* _WORK ORDER_: Set the data below down again, exactly, with every picture left out.

* _RECORDED INFORMATION_:
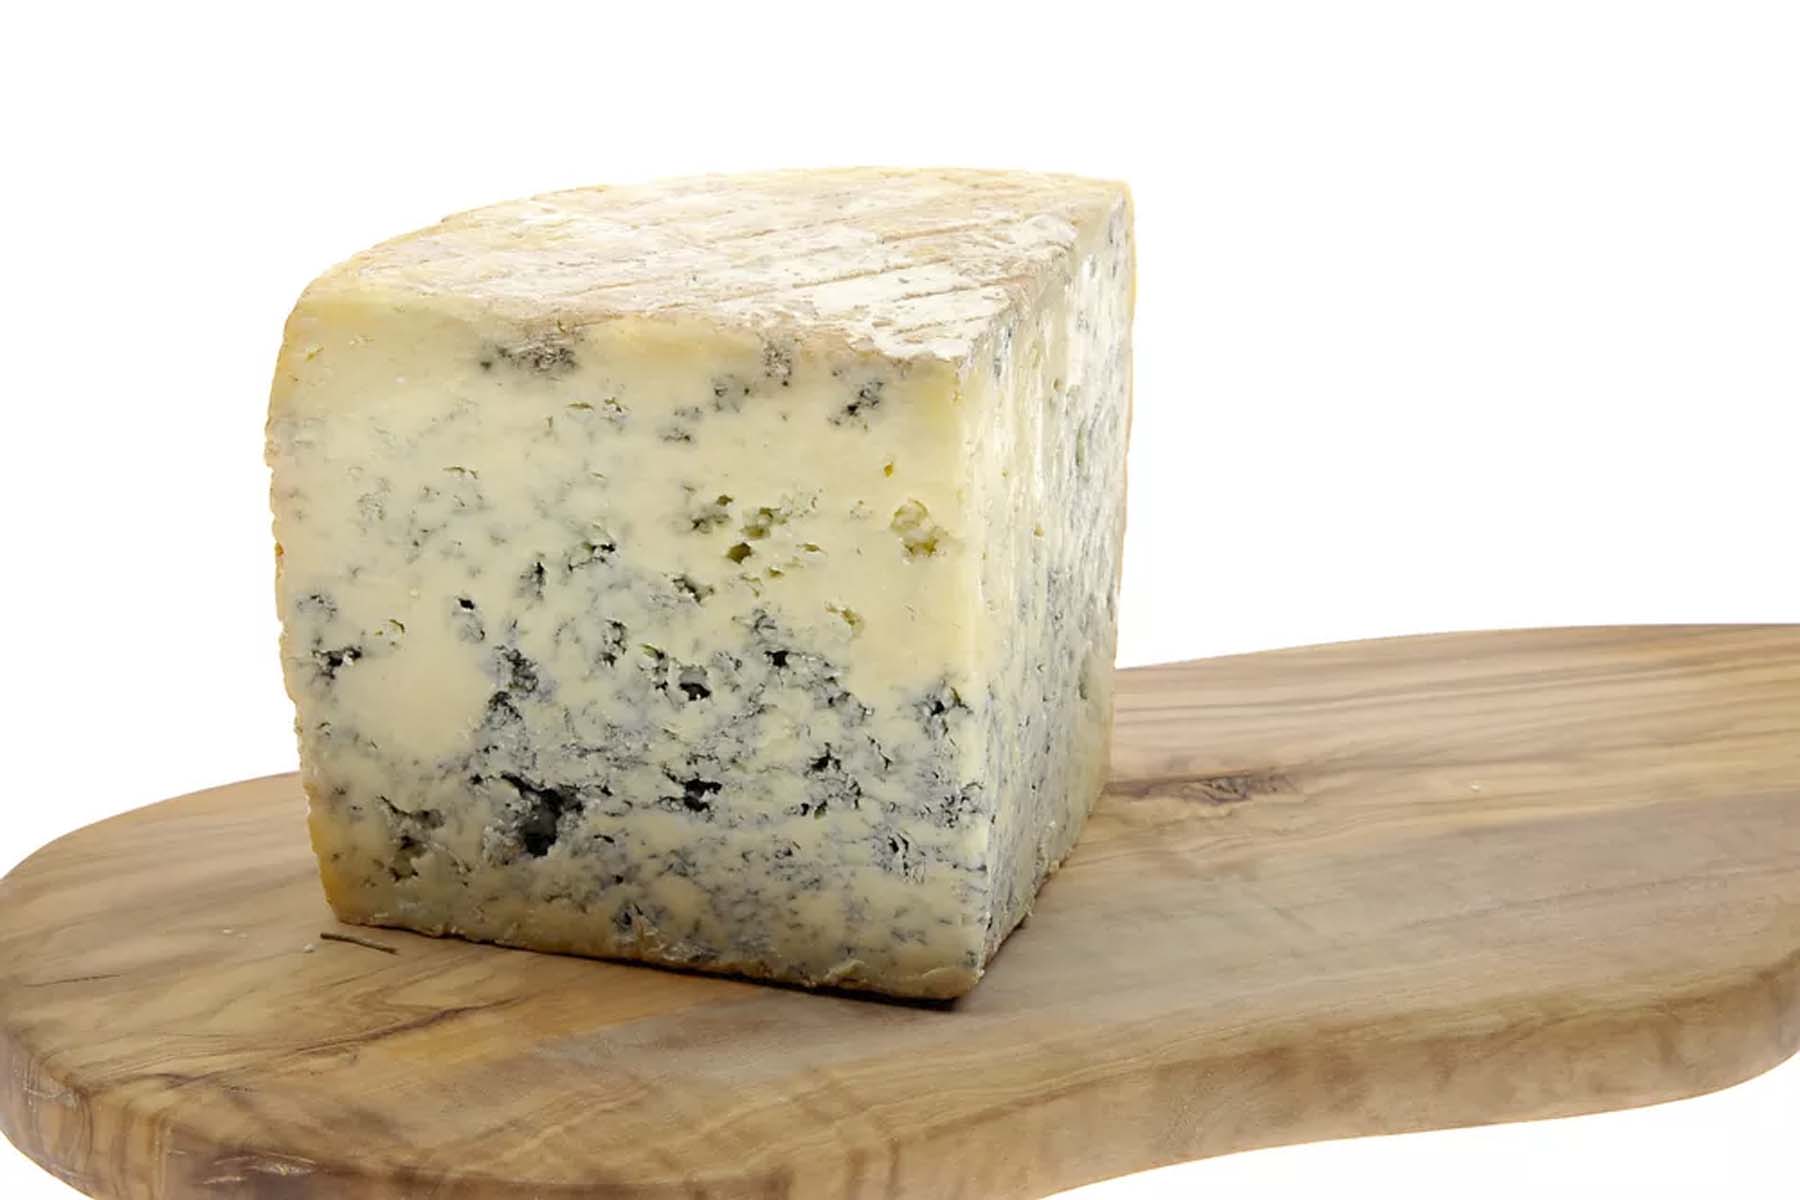 Cabrales: The Prince Cheese of Spain
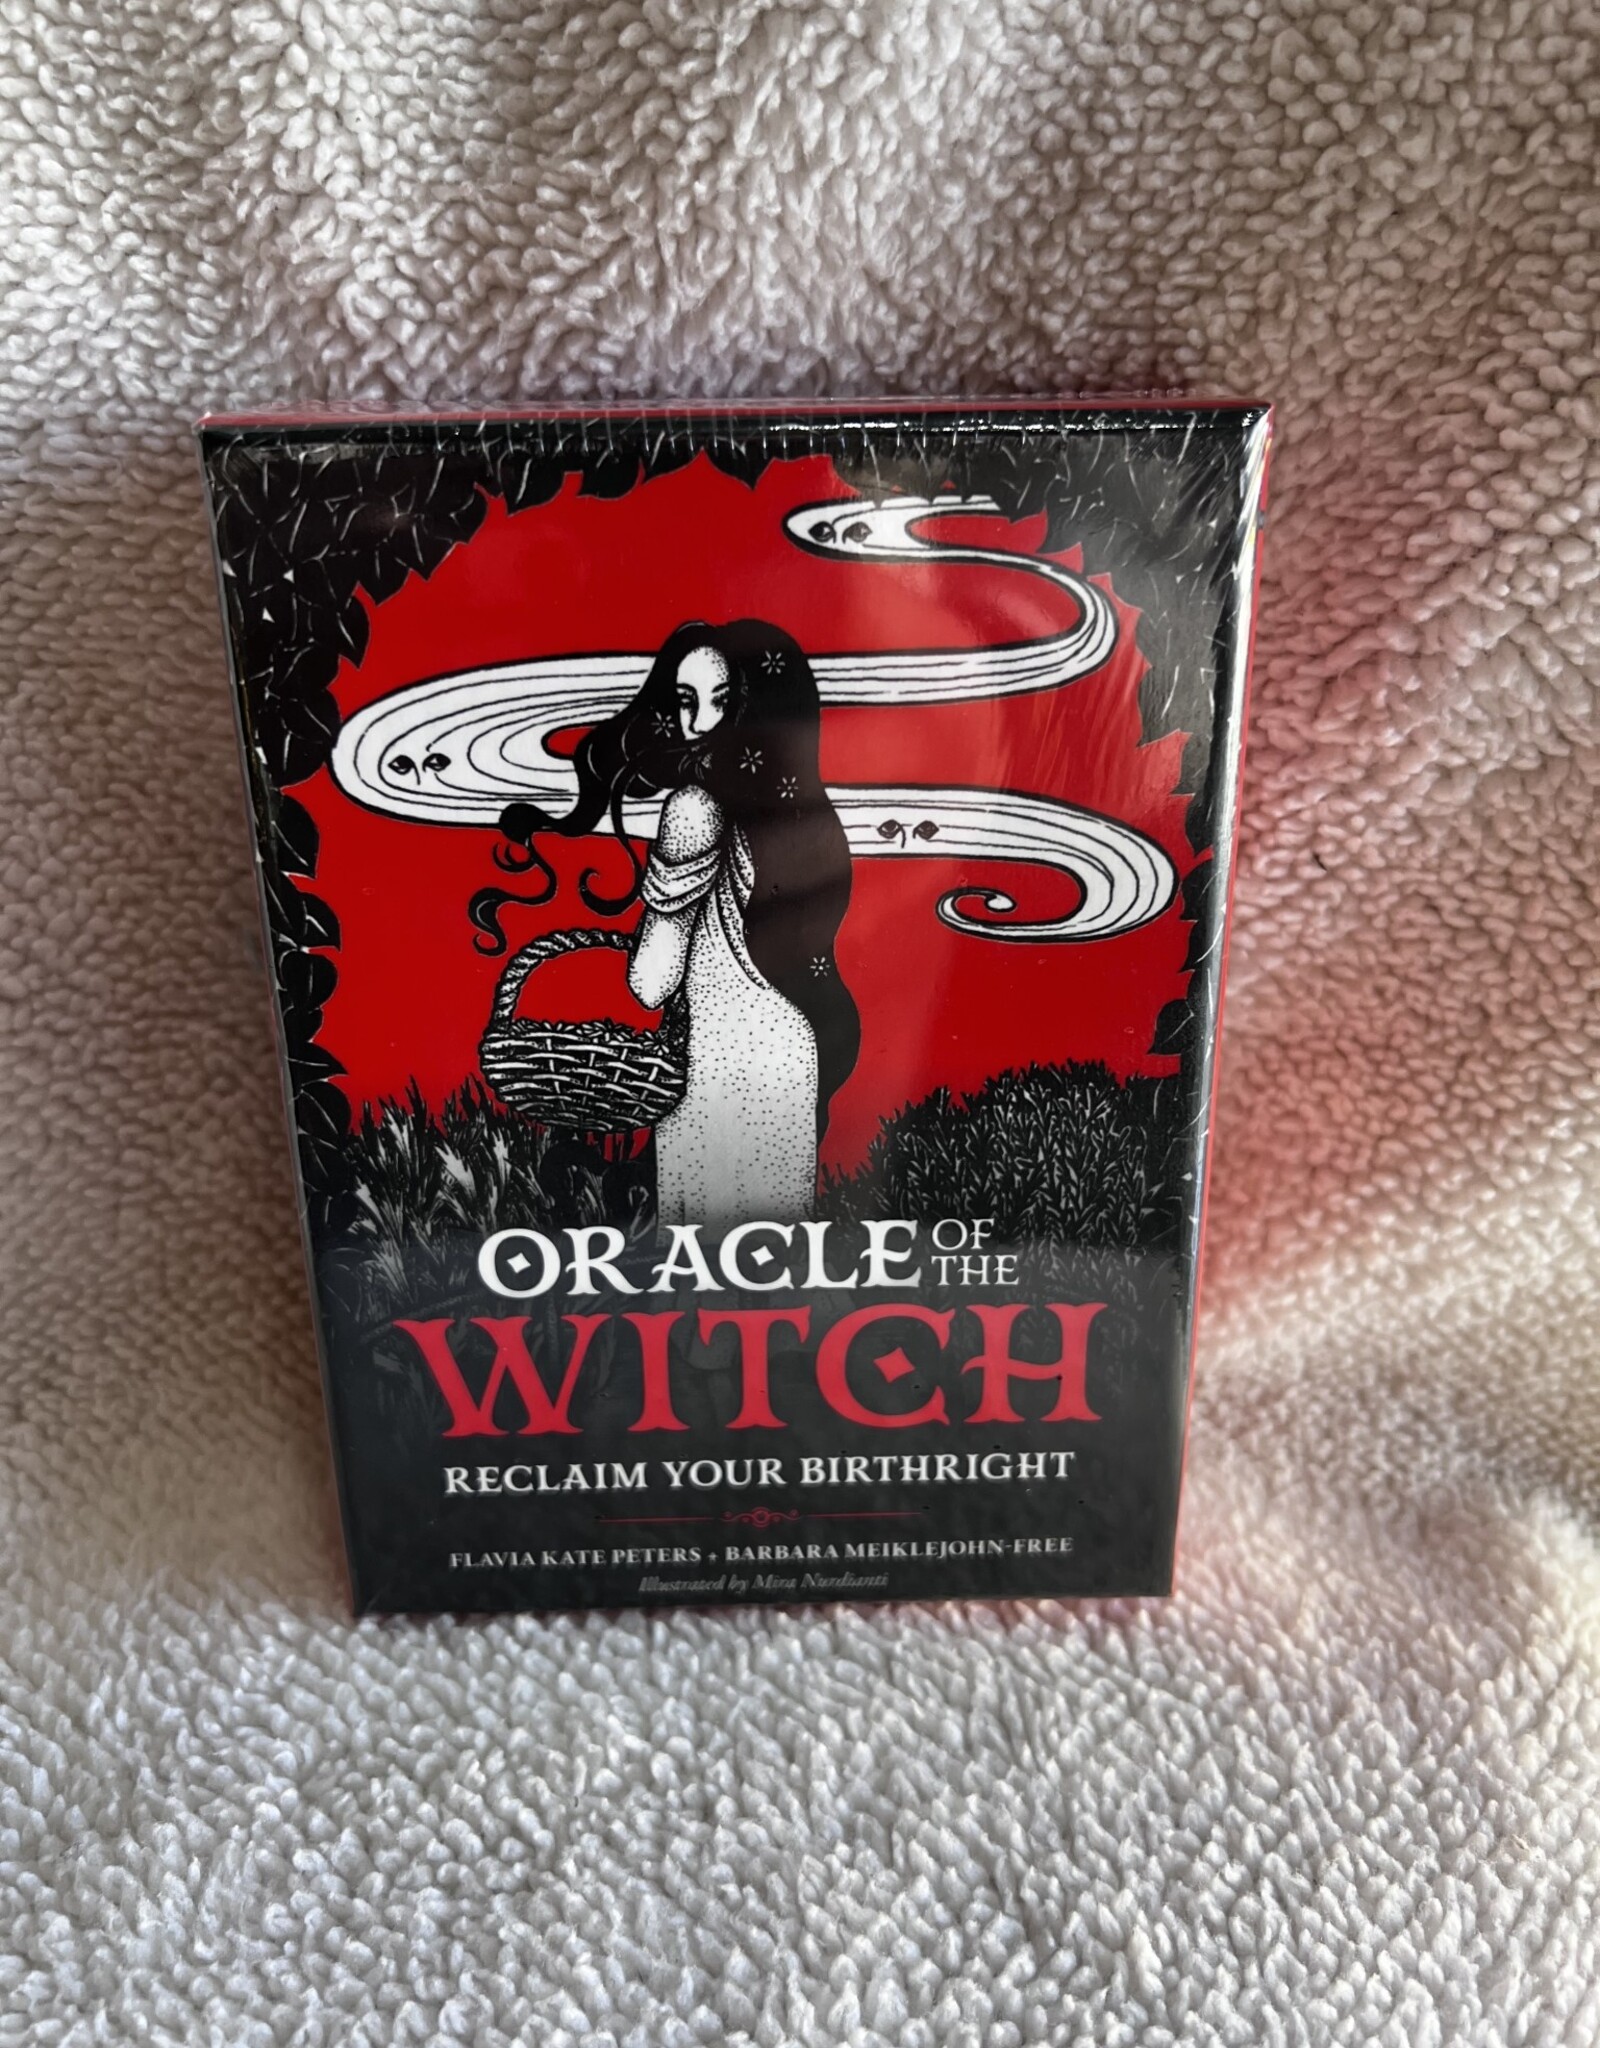 Oracle of the Witch
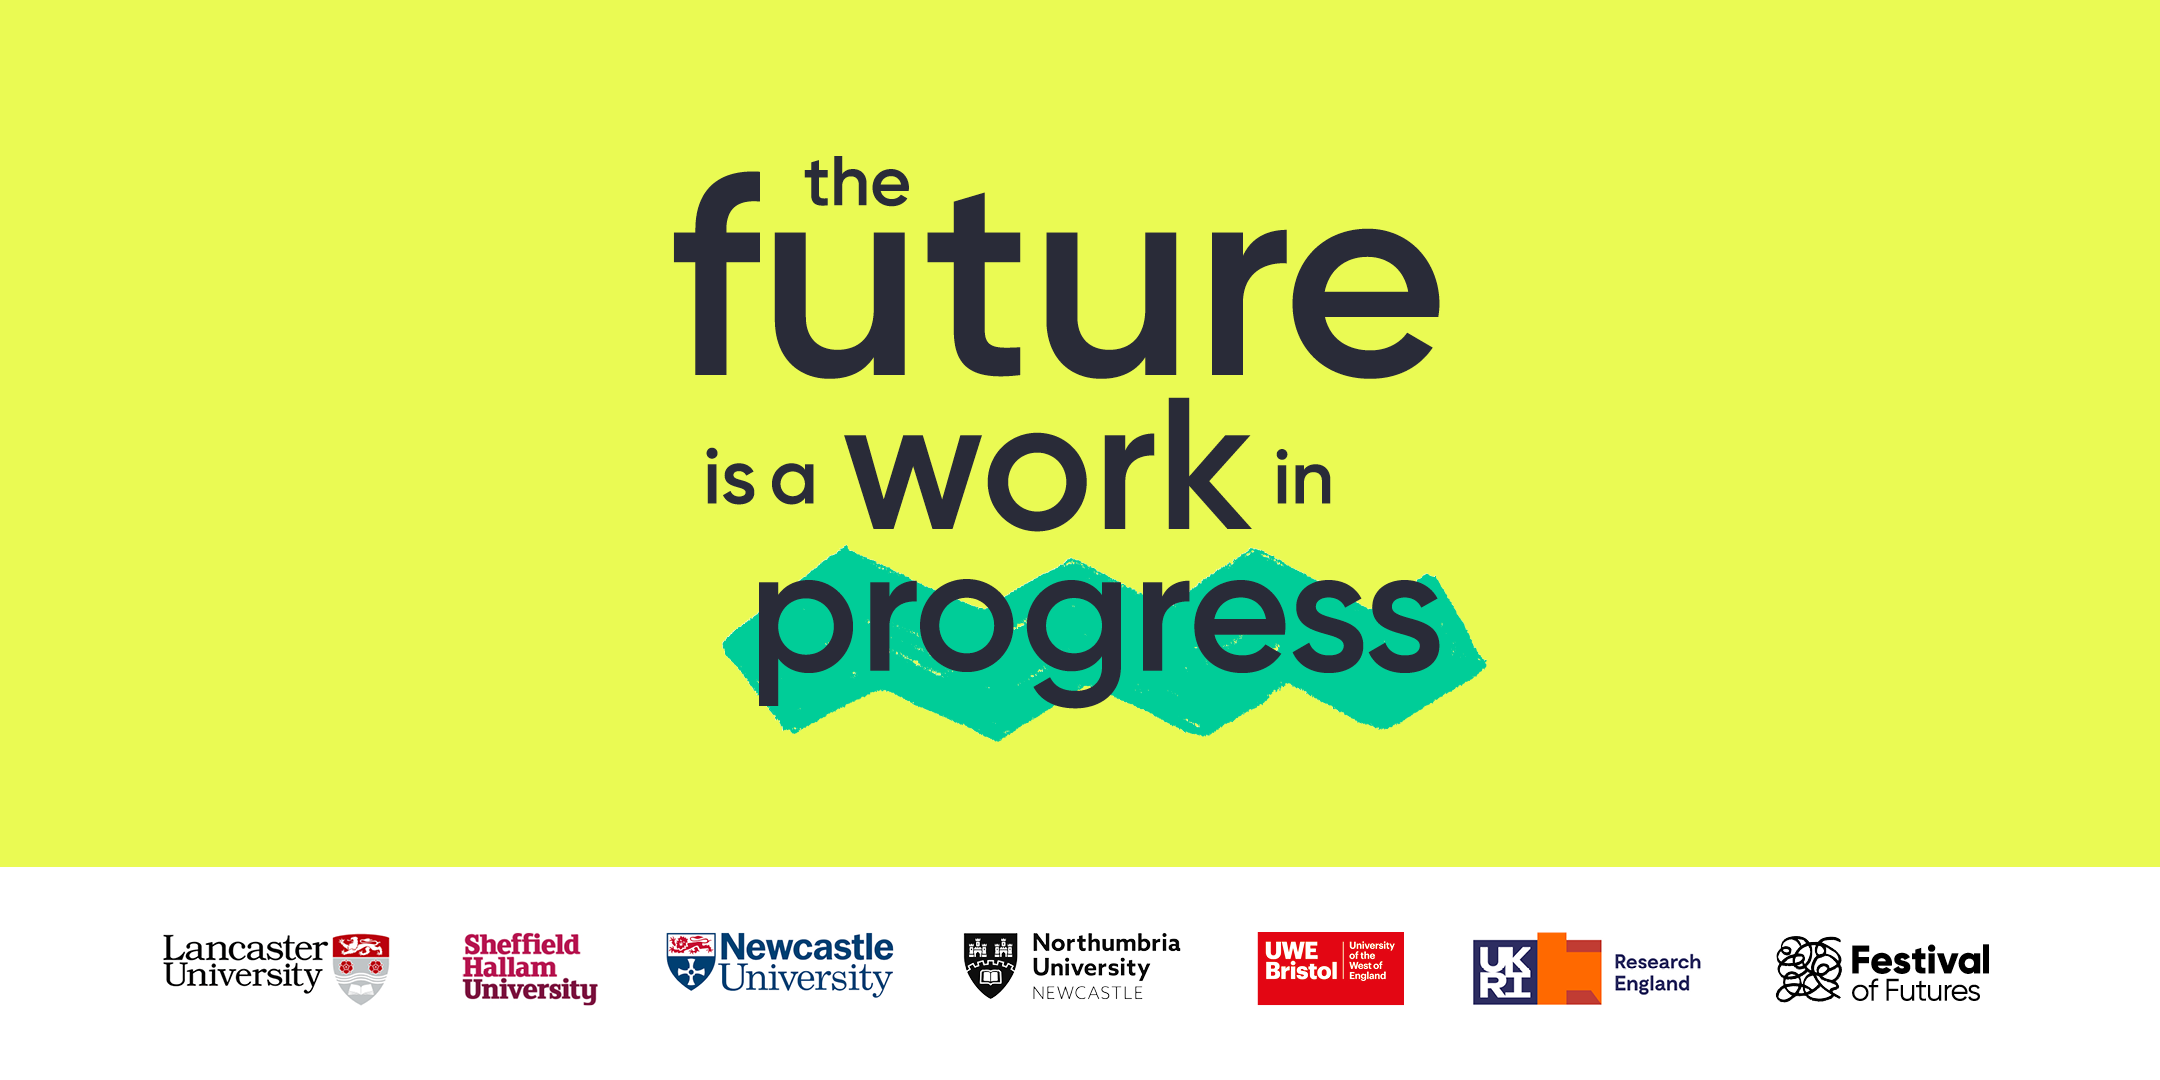 The future is a work in progress banner

* _THE ANSWER_:
 Cabrales: The Prince Cheese of Spain
 Oracle of the Witch
 The future is a work in progress banner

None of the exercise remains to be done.